# SMF Premier Memberships Now Available [closed]



## TulsaJeff (Mar 31, 2008)

Update 10/11/17: This is an old thread that has been closed. Please see the new "Premier Membership" thread.

--

We are now offering SMF Premier Memberships at only $15 per year! This is something that I have wanted to offer since the SMF's inception and it is finally here.

The free memberships are still available however, with a premier membership, you are not only supporting this forum but there are PERKS involved too.

You get to turn off the Ads
Post a link to your website, facebook, etc. in your signature area
Place custom text under your username that shows up in all of your posts
Satisfaction of knowing that you are supporting the forum that you love
* 
Click HERE to upgrade your membership *


----------



## texas-hunter (Mar 31, 2008)

Done deal....Maybe you can throw in a 5-10% discount at the SMF Store.._Wink Wink Nudge Nudge_...


----------



## pigcicles (Mar 31, 2008)

I helped out too... I seem to have lost my dark green coat though.. anyone seen it?


----------



## smokyokie (Mar 31, 2008)

More than happy to chip in my part Jeff.  What you are doing is a great idea because it helps to ensure the future of the forum.

Sign me up


----------



## pigcicles (Mar 31, 2008)

I signed on and got my Moderator status bounced. 

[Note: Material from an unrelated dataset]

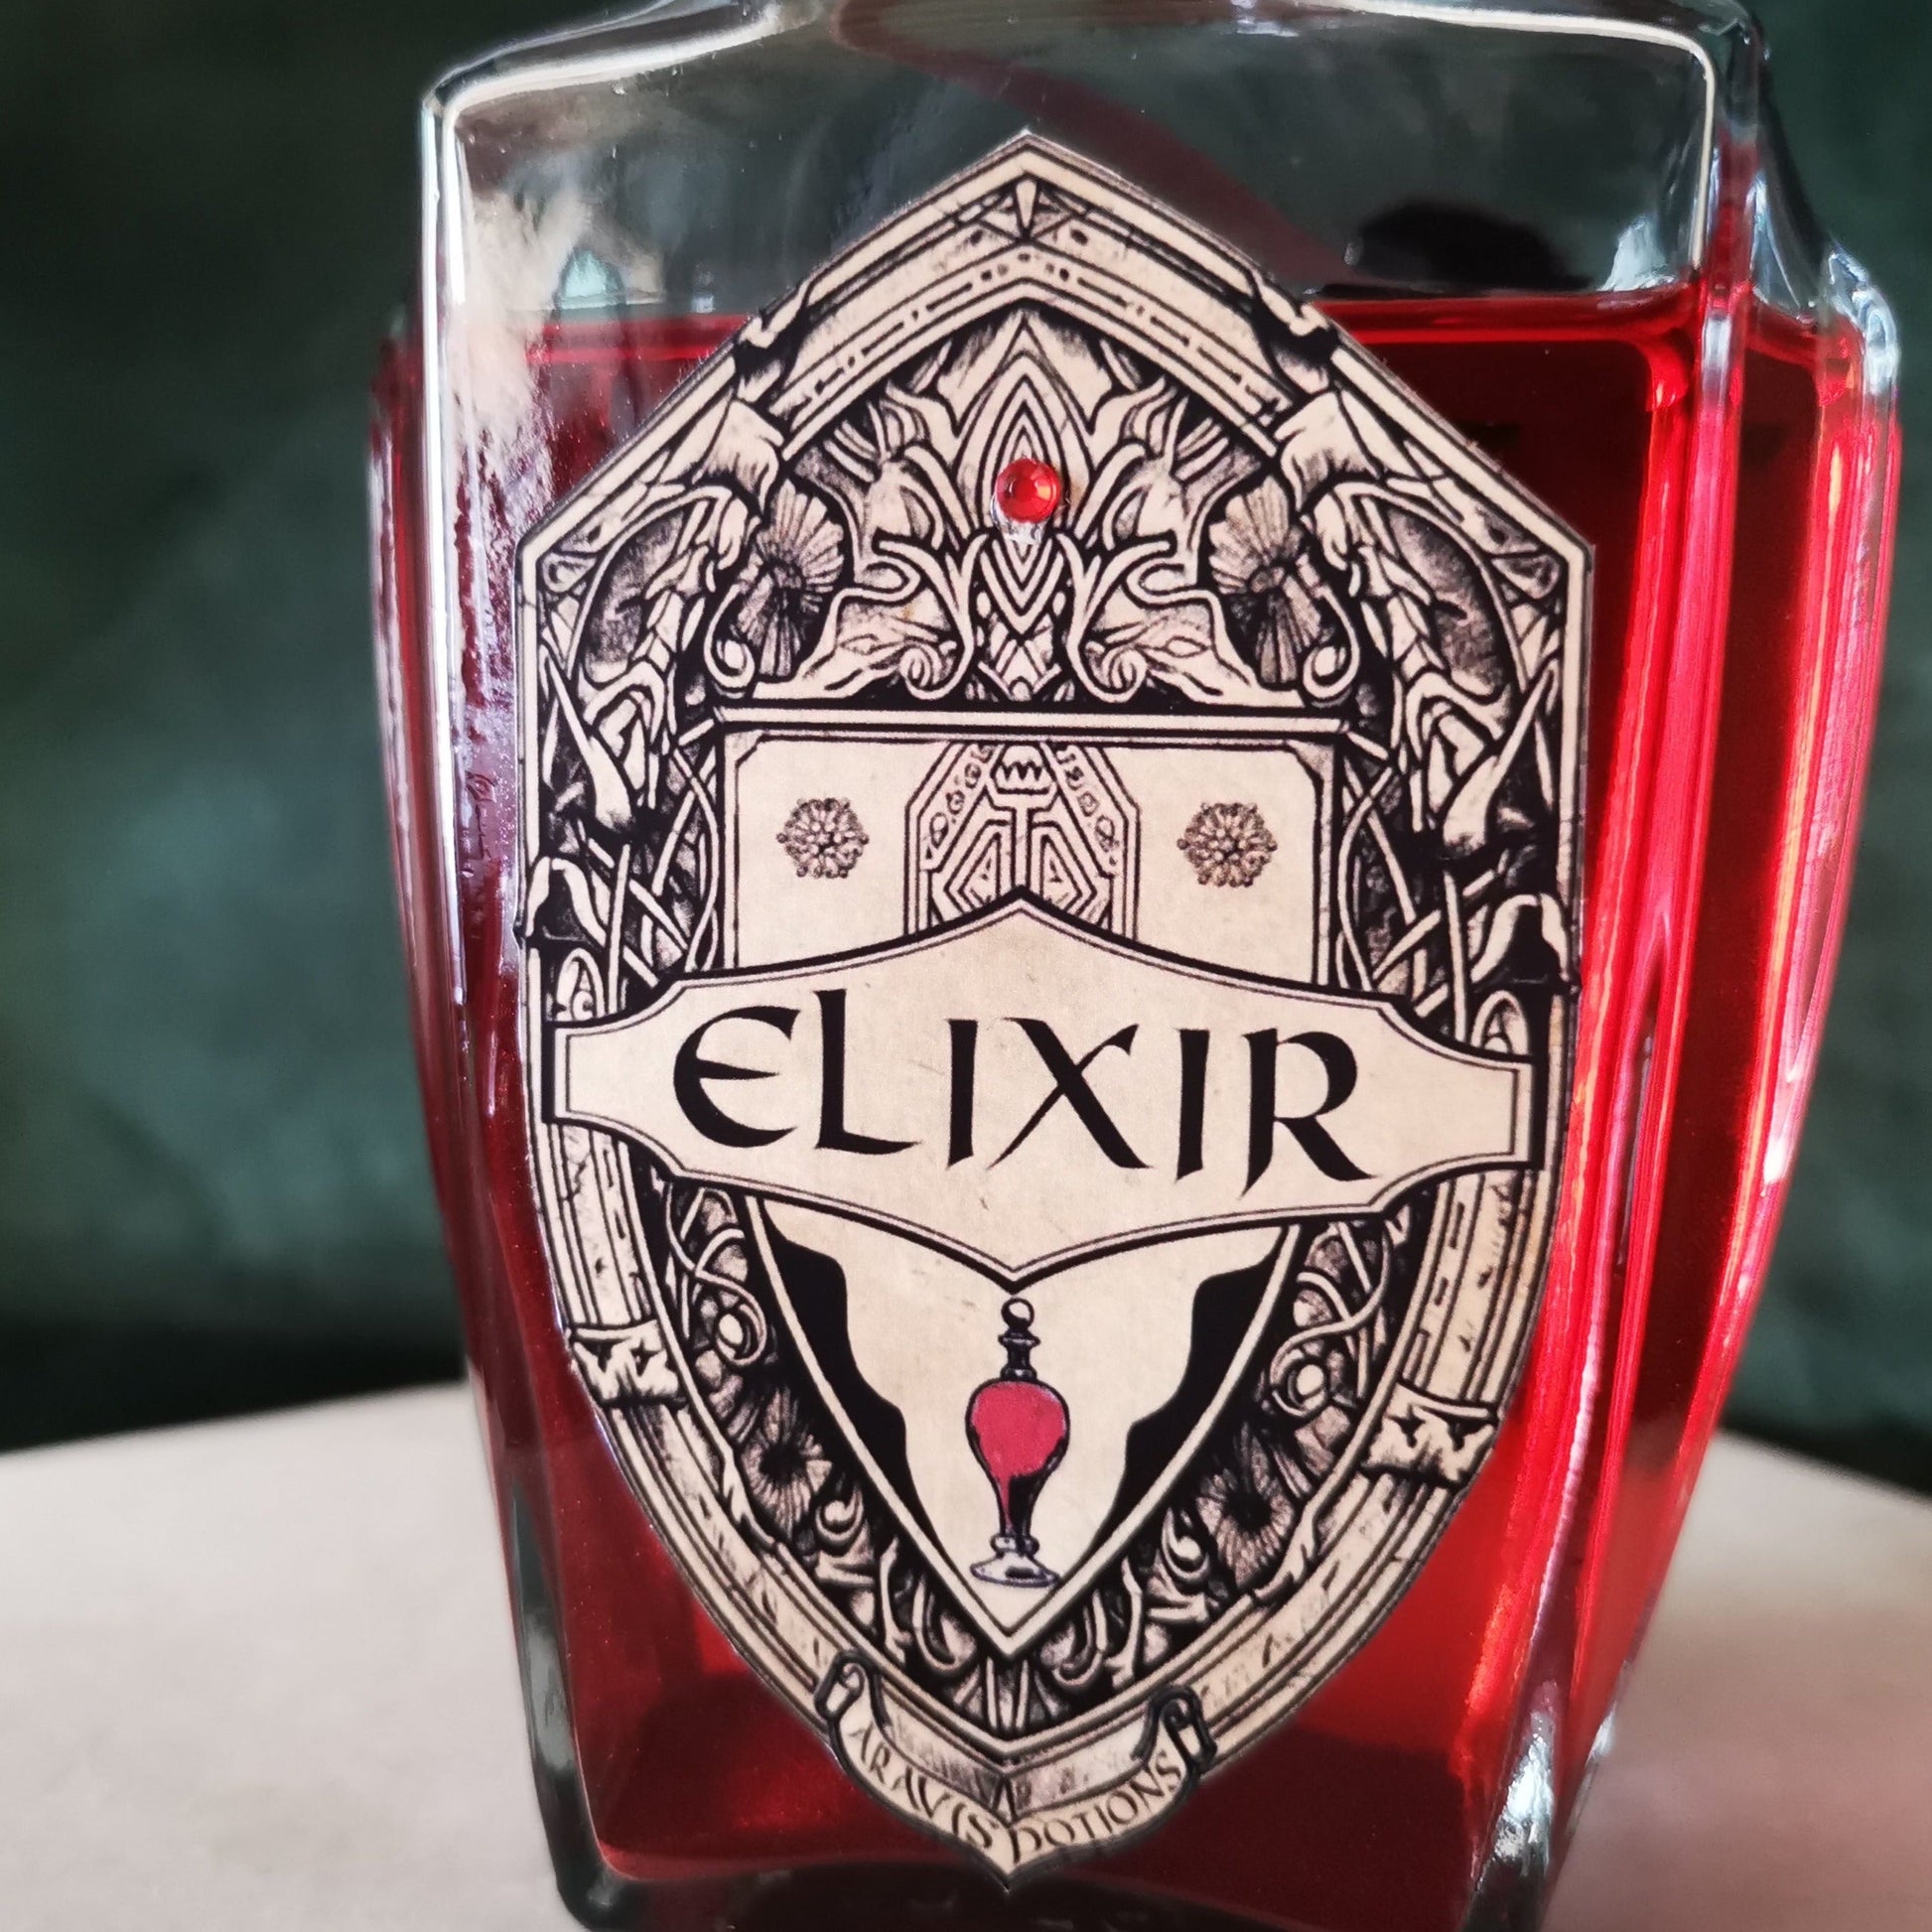 Elixir - Final Fantasy Aravis Potions Apothecary Harry Potter

If you're a bit skiddish don't look cuz I'm getting ready to run nekkid through the forum! 
	

	
	
		
		



		
		
	


	









I wish I was a moderator so I could delete this


----------



## gooose53 (Mar 31, 2008)

Jeff, my order is in.  Happy to support the SMF!!


----------



## smokingrookie (Mar 31, 2008)

Jeff, Count me in I love this place, Thanks Travis


----------



## capt dan (Mar 31, 2008)

Done deal! Keep up the  hard work and fine site!


----------



## minn.bill (Mar 31, 2008)

jeff, glad to help out .shoot i get 15$ worth of fun out of this site wkly so a year is a steal .thanks bill


----------



## geob (Mar 31, 2008)

Sign me up. This is like the Masters. Except I get the green jacket. 
Glad to help. I got this much worth in info in one week. 


Thanks Jeff and keep up the good work.

geob


----------



## minn.bill (Apr 2, 2008)

jeff just wondering what happend nobodys green anymore?


----------



## cubguy17 (Apr 6, 2008)

Thanks Jeff this is a great site. Count me in!


----------



## nosnam (Apr 7, 2008)

More than willing to contribute to such a helpful community!


----------



## flyin'illini (Apr 16, 2008)

Jeff, I am in.   Appreciate your work.

PS -  I have saved this amount in just being able to eat most everything I have smoked so far. :)


----------



## smok'n steve (Apr 16, 2008)

Thanks Jeff for all you have done and continue to do:-)

I signed up,

steve


----------



## smokin out the neighbors (Apr 18, 2008)

Thanks for the work you do. Great forum, happy to help.


----------



## georgepat61 (Apr 25, 2008)

Hi Guys,

It's been awhile but I'm back and ready to learn more about smoking meats.

Over the last few weeks here in the beautiful Blue Ridge Mts of Va, I have been stockpiling different meats and last evening my son and I decided to attempt to do something different for us.

Sunday I'm going to do a traditional Fattie while smoking a Butt and at the same time turn a corned beef brisket into a delicious pastrami.

I will be taking shots of the whole deal and will post them Monday.

Good to be back and I'm more than glad to have helped keep this wonderful forum going.

Georgepat61


----------



## sumosmoke (May 3, 2008)

Just paid my dues to become a greenie on SMF. I've loved this forum ever since finding it, and have learned a ton from reading and chatting with everyone. 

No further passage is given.